The week I moved to Pittsburgh, a friend sent me on a mission to find a good cup of green tea. She was evangelizing on the merits of green tea, sure. But her assignment was also, perhaps even primarily, a way of getting me out and about, discovering and exploring in my new environs.
There are more than a dozen tea houses in town, enough to form a Pittsburgh Tea Association. Arnold’s Tea appealed to me for three reasons. I thought it was the closest (though I was wrong). It would require me to navigate the streets of the North Side, a neighborhood I didn’t know but wanted to. And the name reminded me of the one Arnold I know (first name), a bow-tied hospitable guy. The actual Arnold (last name) is a retired schoolteacher who achieved her longtime dream of running a tea cafe.
There are at least three routes I could have taken. The north parkway was swiftest, according to my iPhone’s map app. I knew the east-west parkway, but was daunted by the north-south parkway. So I chose that route. Why not face your fears, even the mildest ones? I got into morning traffic, which was frustrating, but at least I wasn’t zipping along at parkway speeds. After the exit, turn right, go two blocks. Would I find on-street parking close by? Yes! I parked maybe 25 feet from the door, and figured out how to use the electronic parking kiosk.

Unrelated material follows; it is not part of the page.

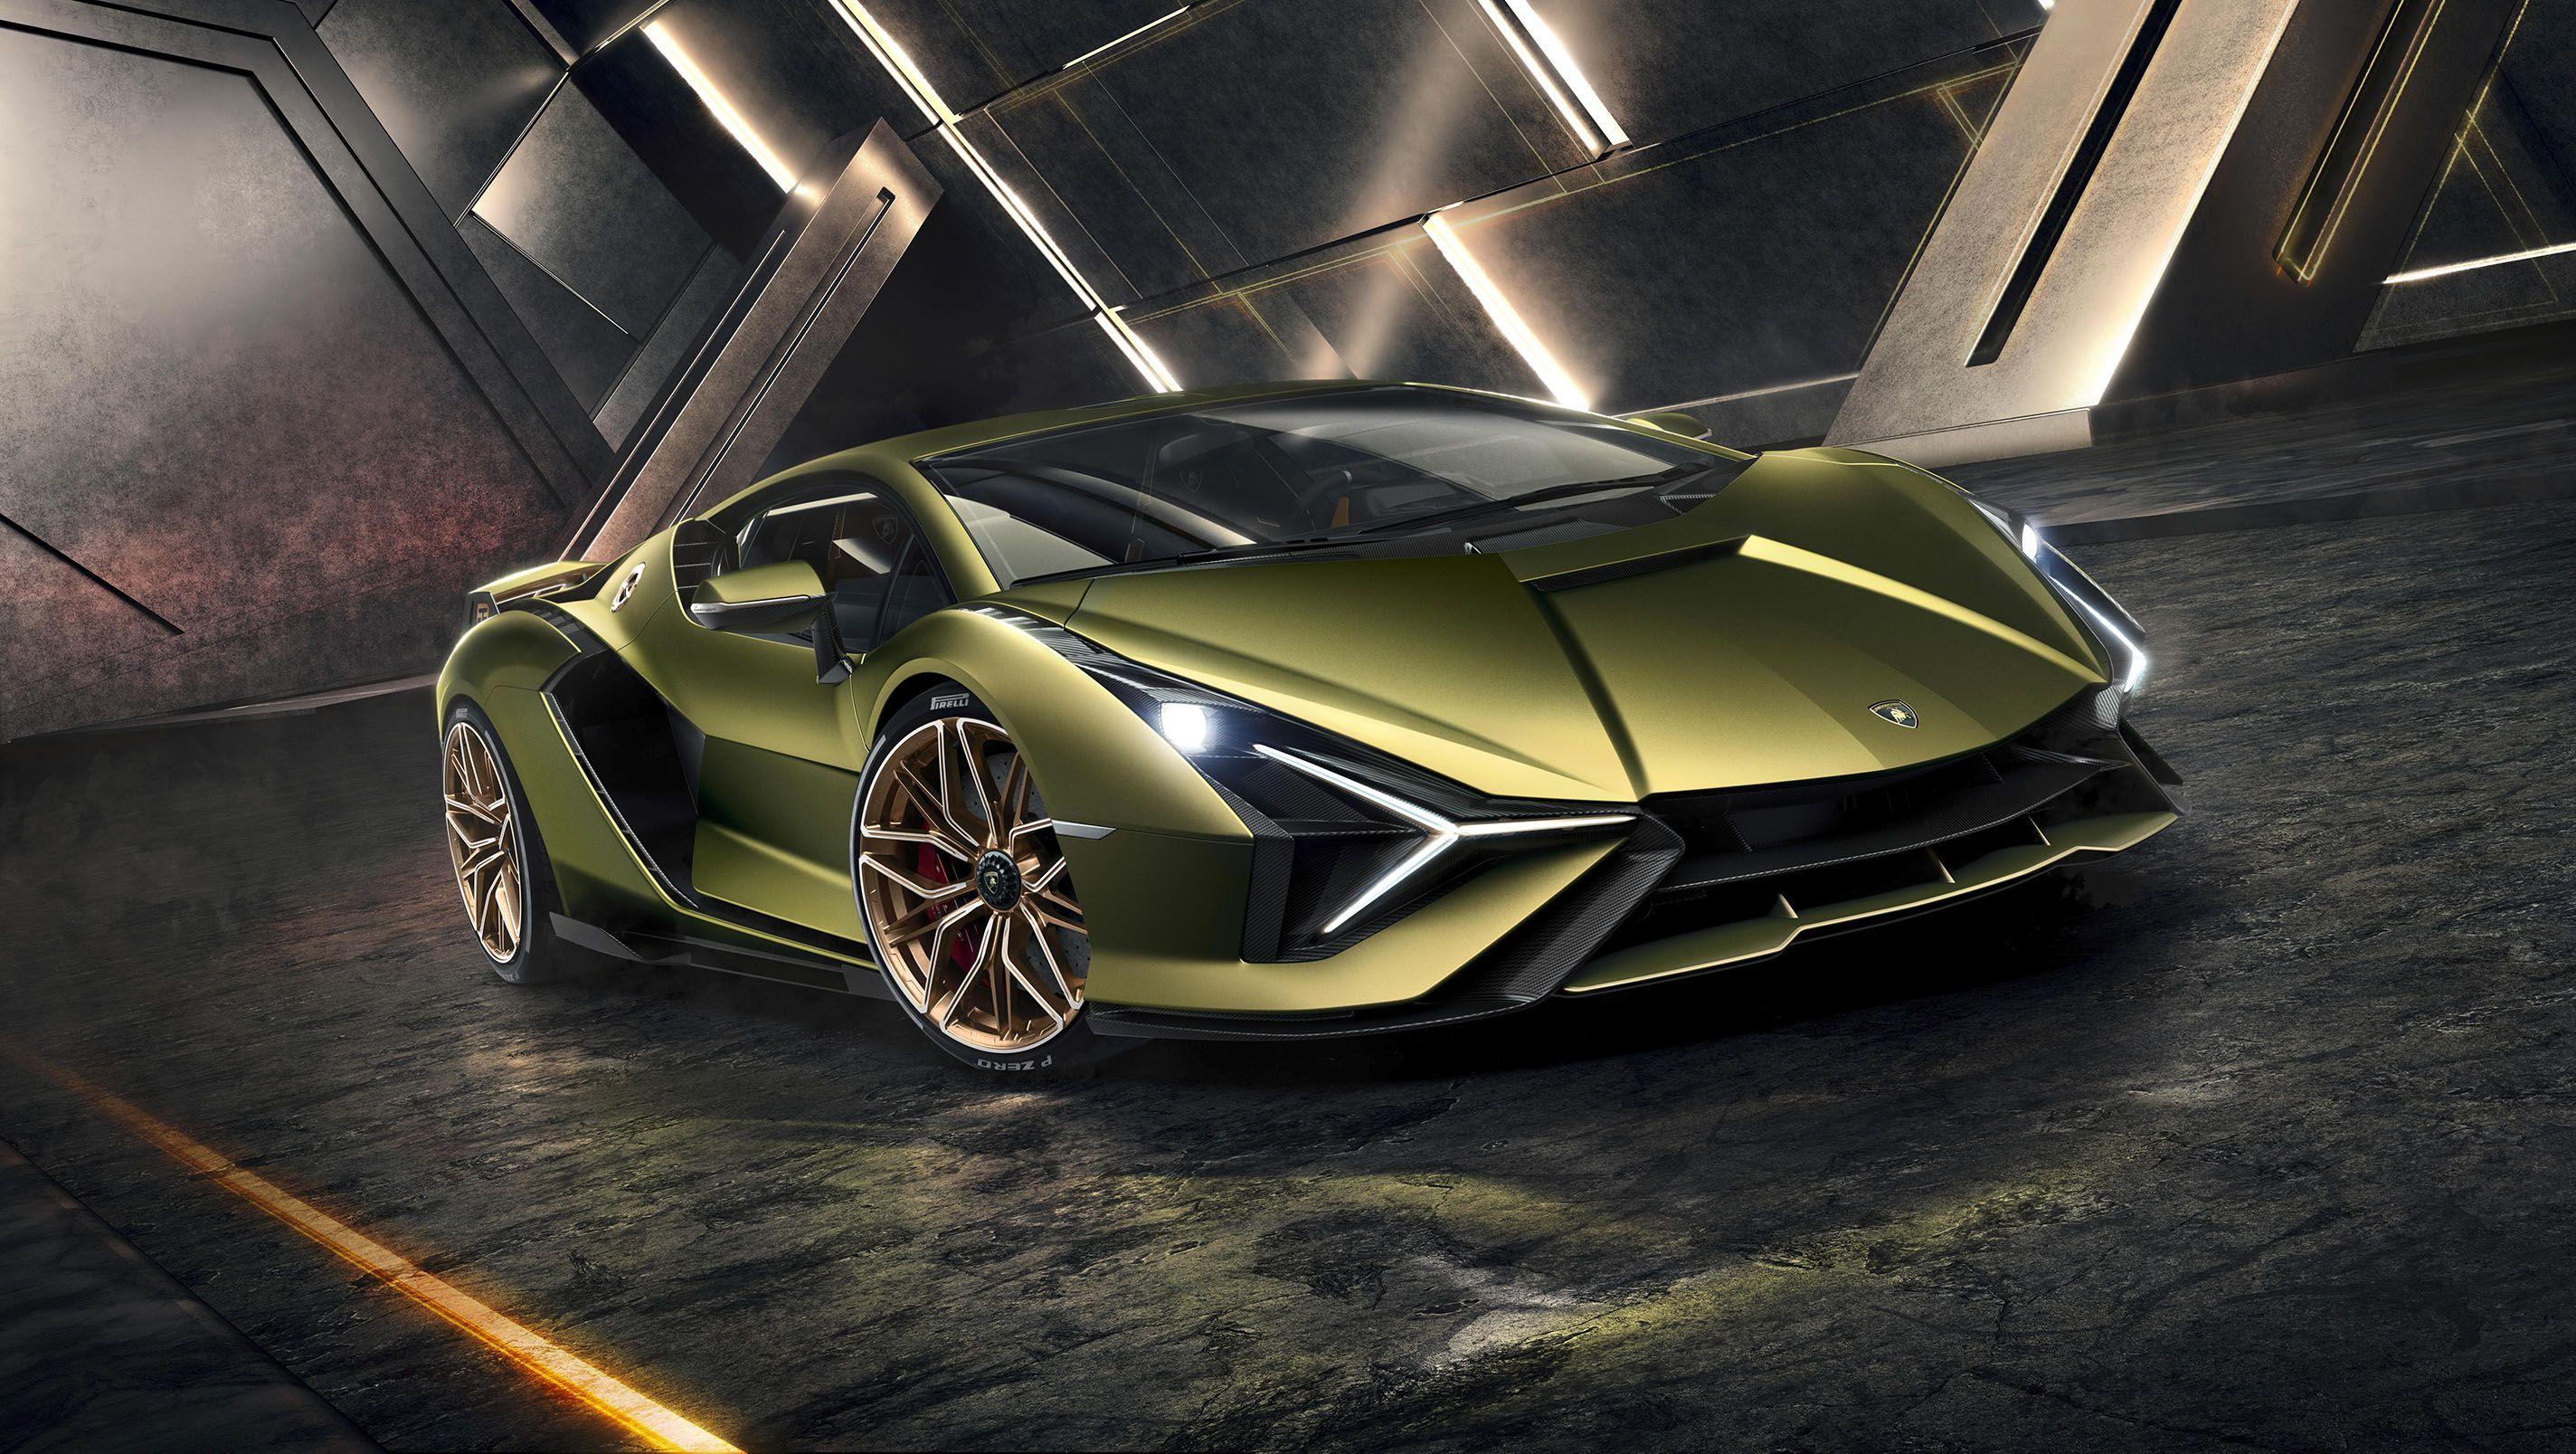 2020 Lamborghini Sián V,12 Hybrid Hypercar Revealed

Until last summer, I’d been a recreational green tea user. I owned a five-year-old tin of loose gunpowder green tea, a gift from a coworker who came to dinner and chose tea instead of wine because he thought I might be a teetotaler.

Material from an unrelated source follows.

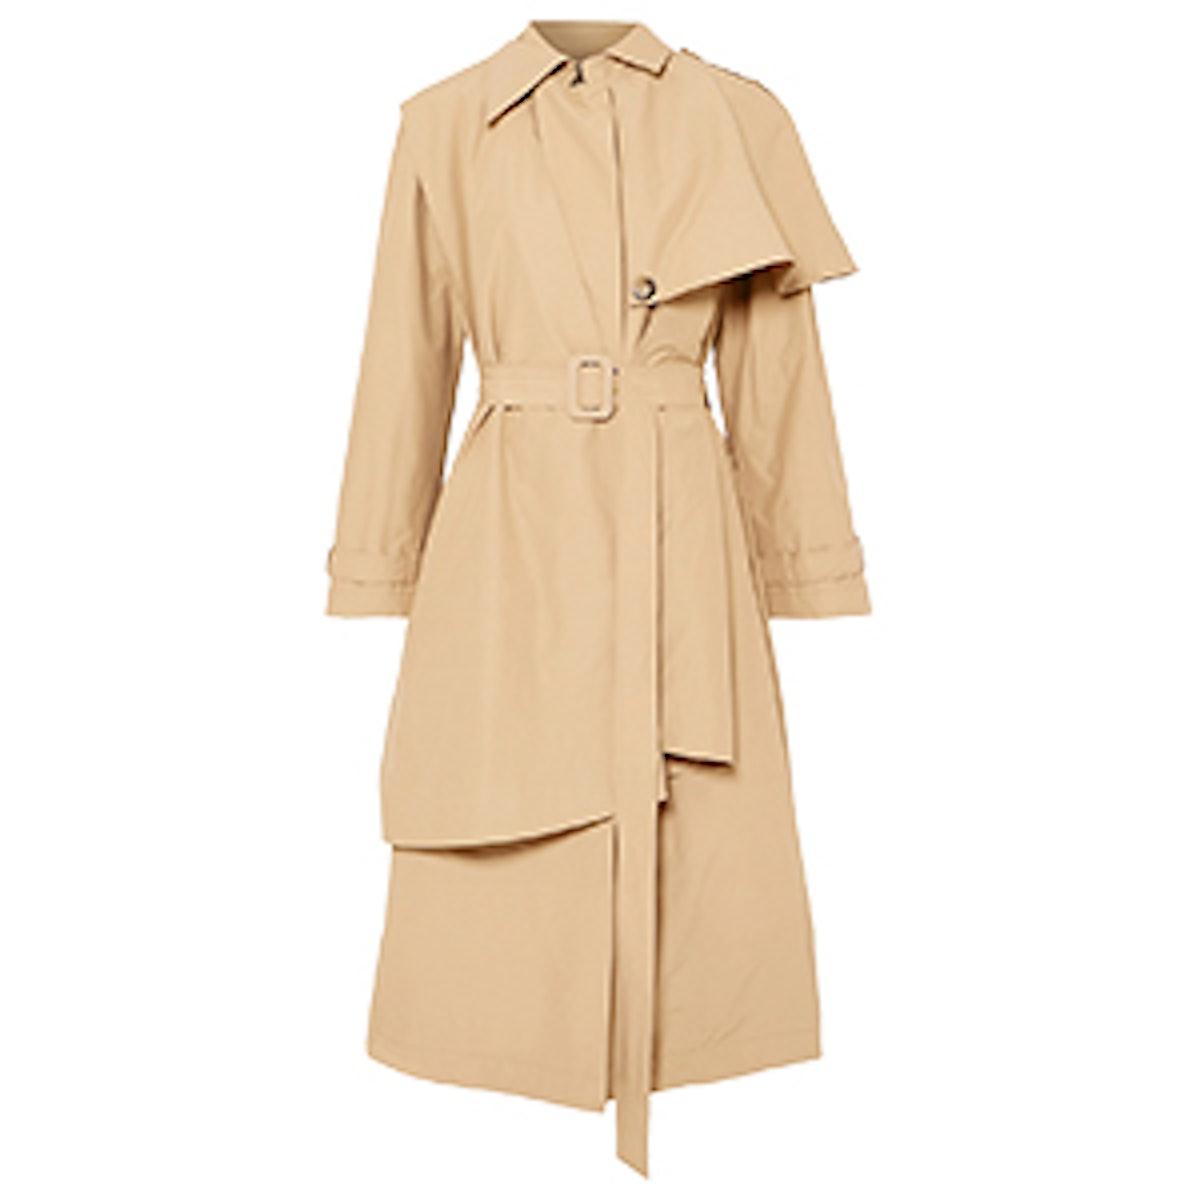 Cape-Effect Cotton-Blend Trench Coat

I liked the tea all right, so I don’t know why I didn’t use it more. It was mildly minty and also had a metallic tang, though that perception may have been from the title’s suggestion. The thing I liked best about it was the way the hard little BB’s of tea relaxed in water, softened, unfurled into long leaves. Like water brought out the trust in them.
I also had a tin of “Gypsy Green Tea” from Kroger’s natural foods section. The teabags were round, unbleached paper, and the “green” on the label seemed to refer more to its packaging (fair trade, no GMOs, post-consumer content) than the actual tea. It tasted … weakly green.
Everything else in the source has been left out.